• Dataset extract
────────────────────────────────────────

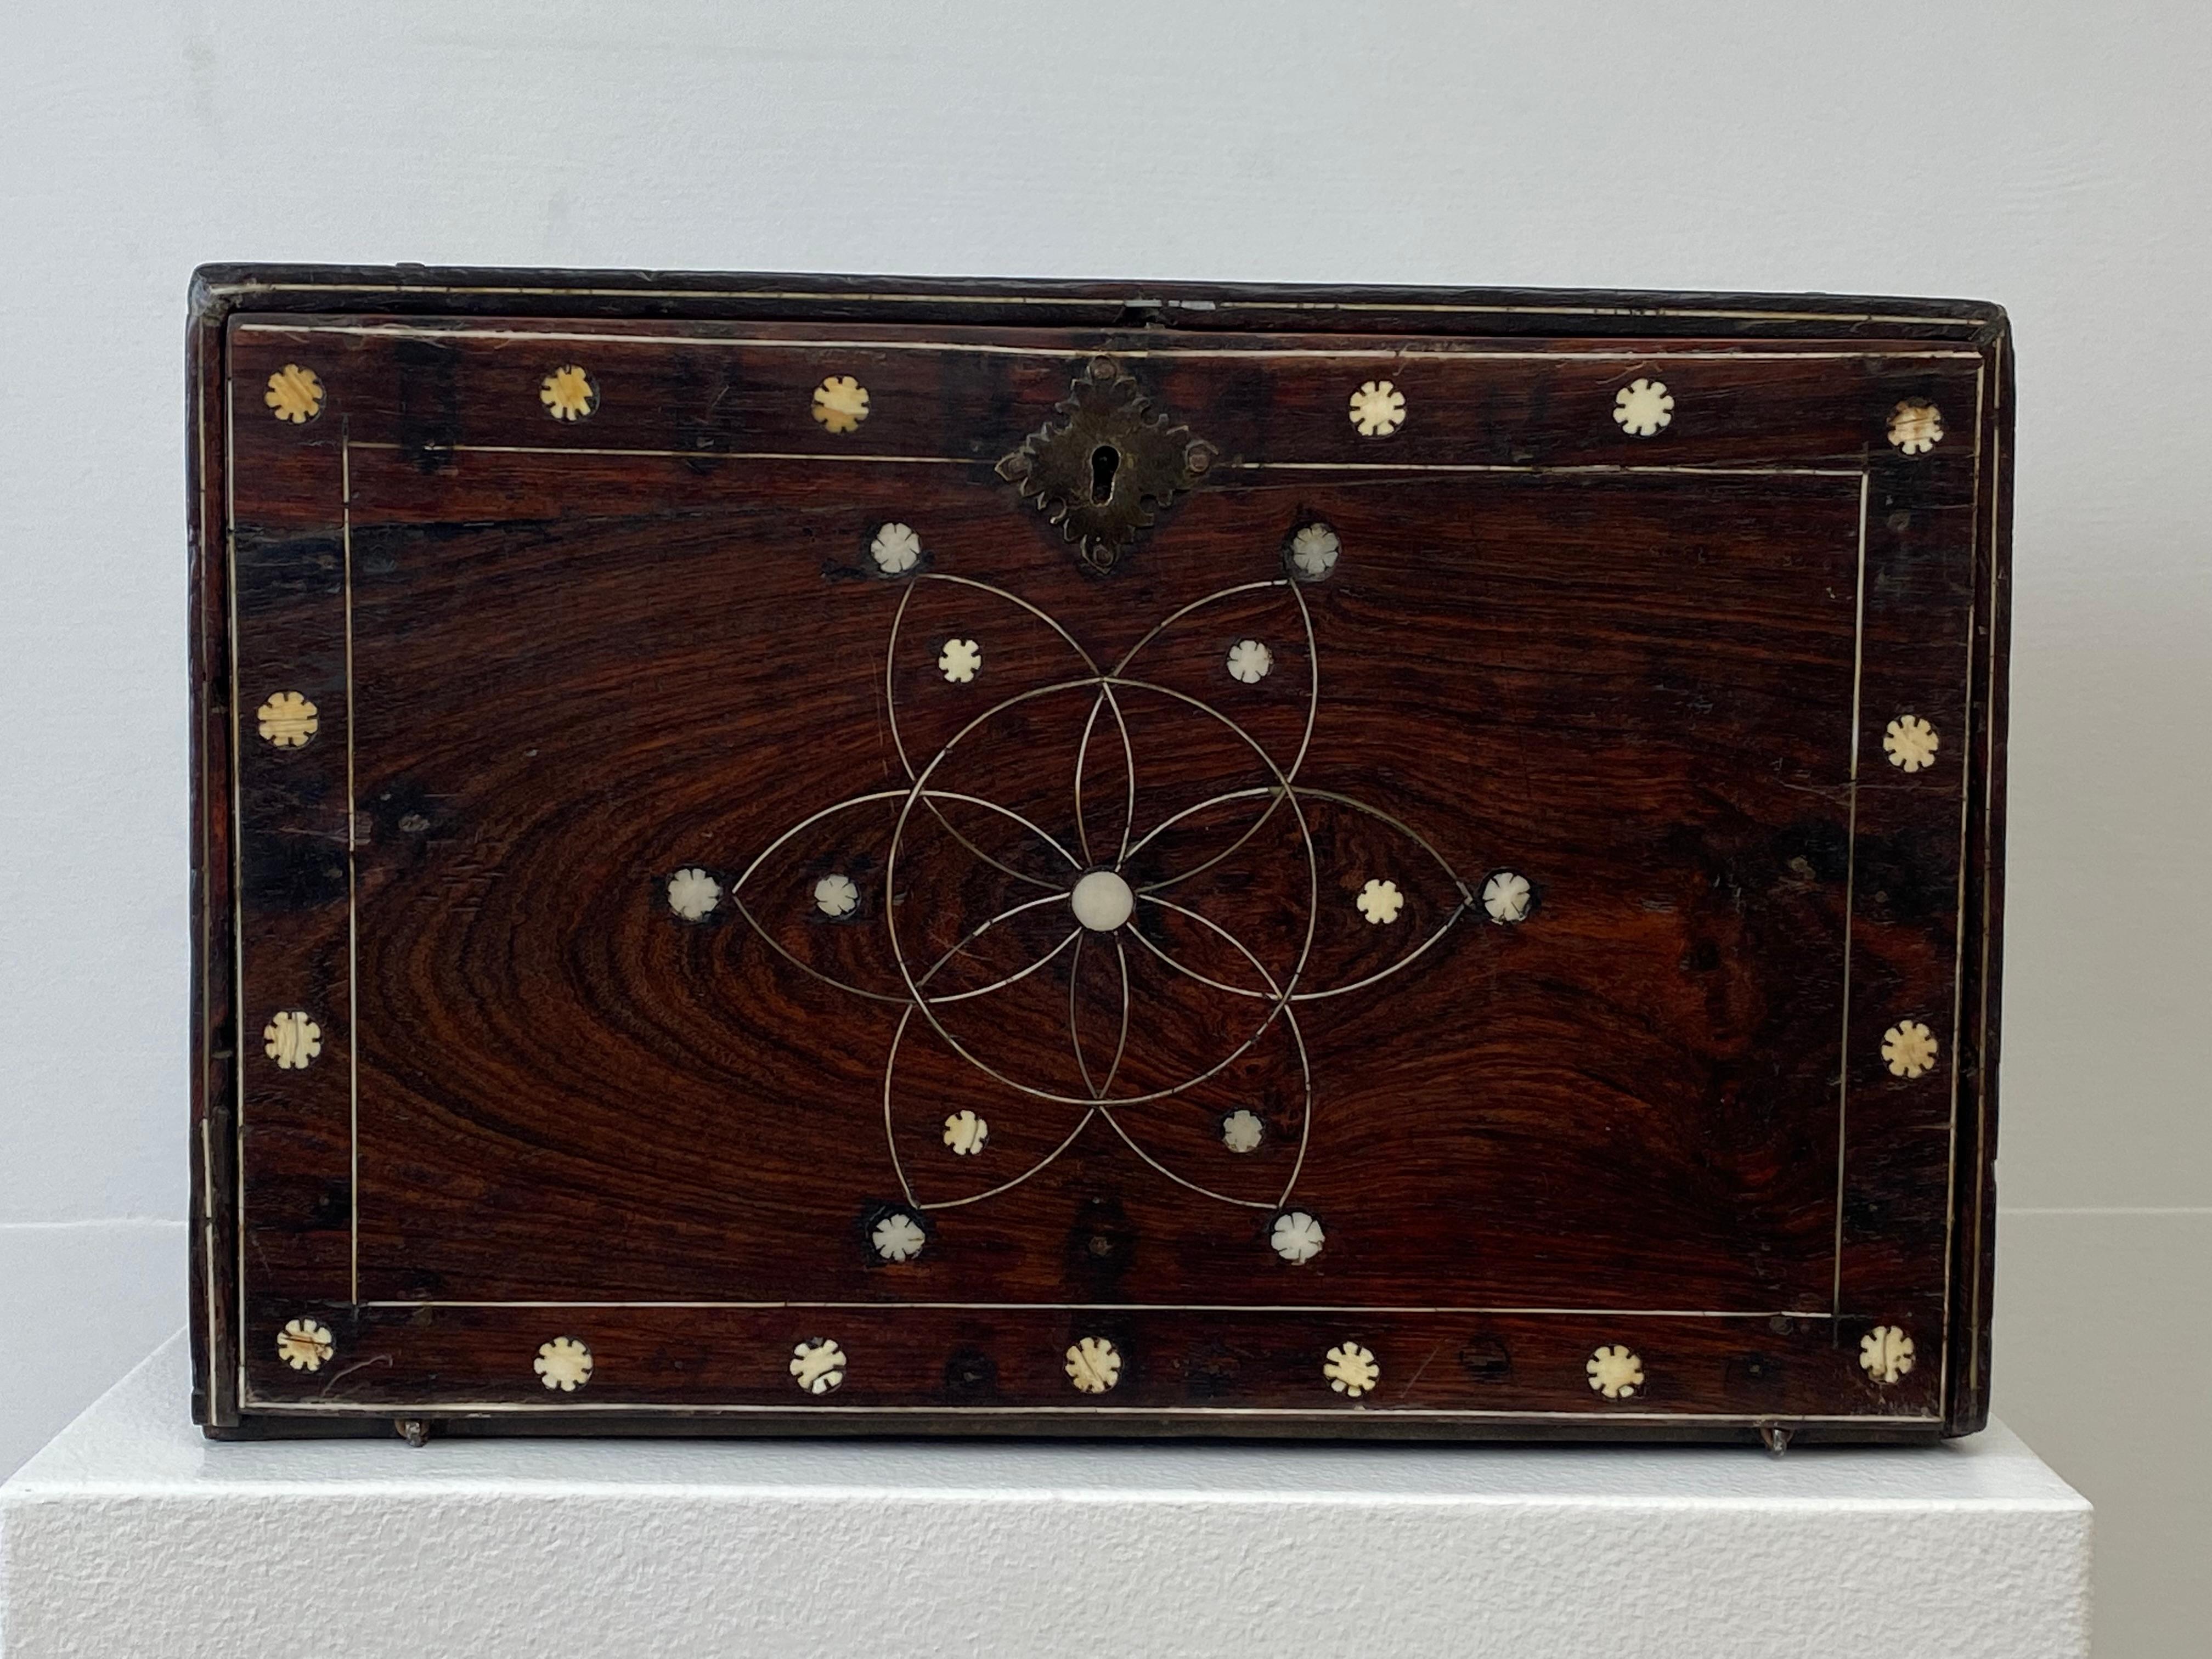 Außergewöhnlicher indo-portugiesischer Tischschrank aus dem 17. Jahrhundert,
Der seltene Schrank ist in einem sehr guten Zustand, hat eine aufklappbare Front und verfügt über 8 Schubladen, Messingknöpfe und -griffe.
Das Palisanderholz und die

────────────────────────────────────────

Word for word, quote the lines from the line containing "Der seltene Schrank" through the end of the material, both included, and nothing else.

• Answer box
Der seltene Schrank ist in einem sehr guten Zustand, hat eine aufklappbare Front und verfügt über 8 Schubladen, Messingknöpfe und -griffe.
Das Palisanderholz und die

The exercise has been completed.